Unfortunately, your Fund was adversely affected by these trends,
since very few of the largest capitalization stocks are based in
the Rocky Mountain area. However, this should only be a temporary
setback. In the past, large- and small-capitalization stocks have
each taken their turns of being in favor with investors. Thus, we
would expect the broader market to "catch-up" with the largest
stocks at some point in the future. In fact, the last time the
stock market was similarly so narrowly focused on large stocks was
in 1972-73 and subsequently the small and medium stocks
outperformed the Standard & Poor's 500 Average for the following 10
consecutive years.
In 1999, we continue to apply our value-oriented
investment style to the universe of Rocky Mountain stocks. We are
a value-oriented investment manager concentrating on security
selection. We search for securities that are under valued in
relation to their intrinsic value and projected growth rate of the
company. In general, we look for companies that offer continuing
earnings growth, generate an above-average return on equity and
have a low price/earnings ratio. The idea is not only to build a
portfolio of quality companies that has a higher anticipated growth
rate and return on equity than the market average, but that has a
lower price/earnings ratio as well. Our emphasis on value coupled
with the positive economic and demographic trends of the Rocky
Mountain States lead us to be optimistic about the future.

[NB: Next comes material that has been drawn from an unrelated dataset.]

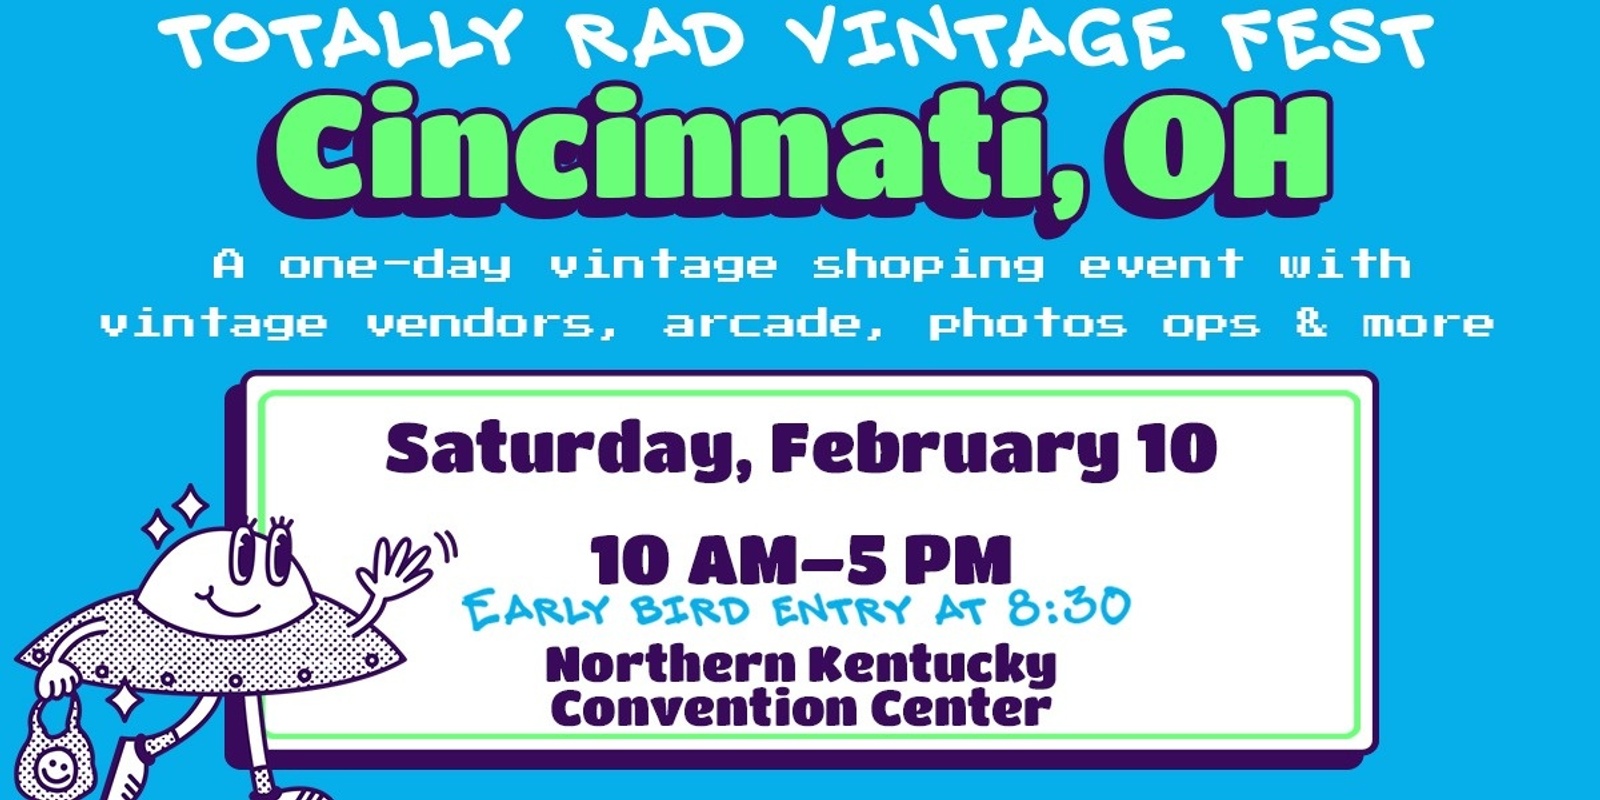 Banner image for Totally Rad Vintage Fest - Cincinnati
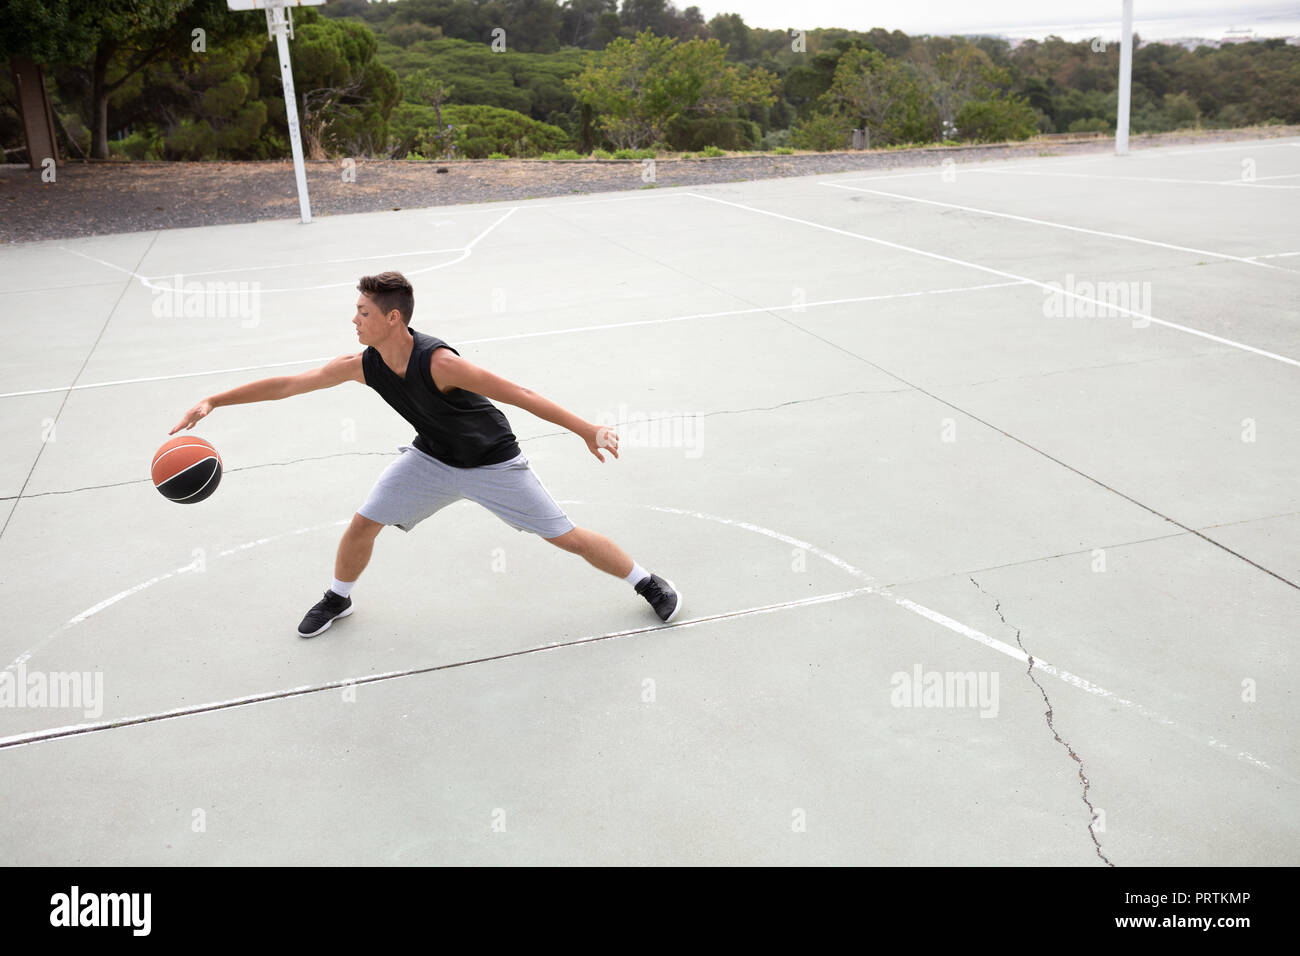 Les adolescents de sexe masculin de basket-ball la pratique sur un terrain de basket-ball Banque D'Images

We travel frequently around the Rocky Mountain states
to learn about companies that meet our investment criteria. It is
our hope that by focusing on companies in our "own backyard," we
can uncover under-followed stocks that will add value for you, our
shareholders.
The portfolio was exposed to several industries that
did well in 1998. The cable stocks continued to benefit from
improved growth in cash flows as well as interest in the group from
some smart investors such as Microsoft and AT&T. Our position in
Tele-Communications Inc. increased 98% during 1998 primarily due to
AT&T's proposal to buy the company. The portfolios other cable
holdings, TCI Ventures, Jones Intercable, Liberty Media, MediaOne
Group and United International also appreciated sharply.
Investor interest in telecommunications benefitted
another portfolio holding, Montana Power, which plans to sell most
of its electrical generating capacity and expand its fiber optic
tele-communication network. Another holding, American Stores,
appreciated significantly after another Rocky Mountain-based
company, Albertson's, proposed to buy them out.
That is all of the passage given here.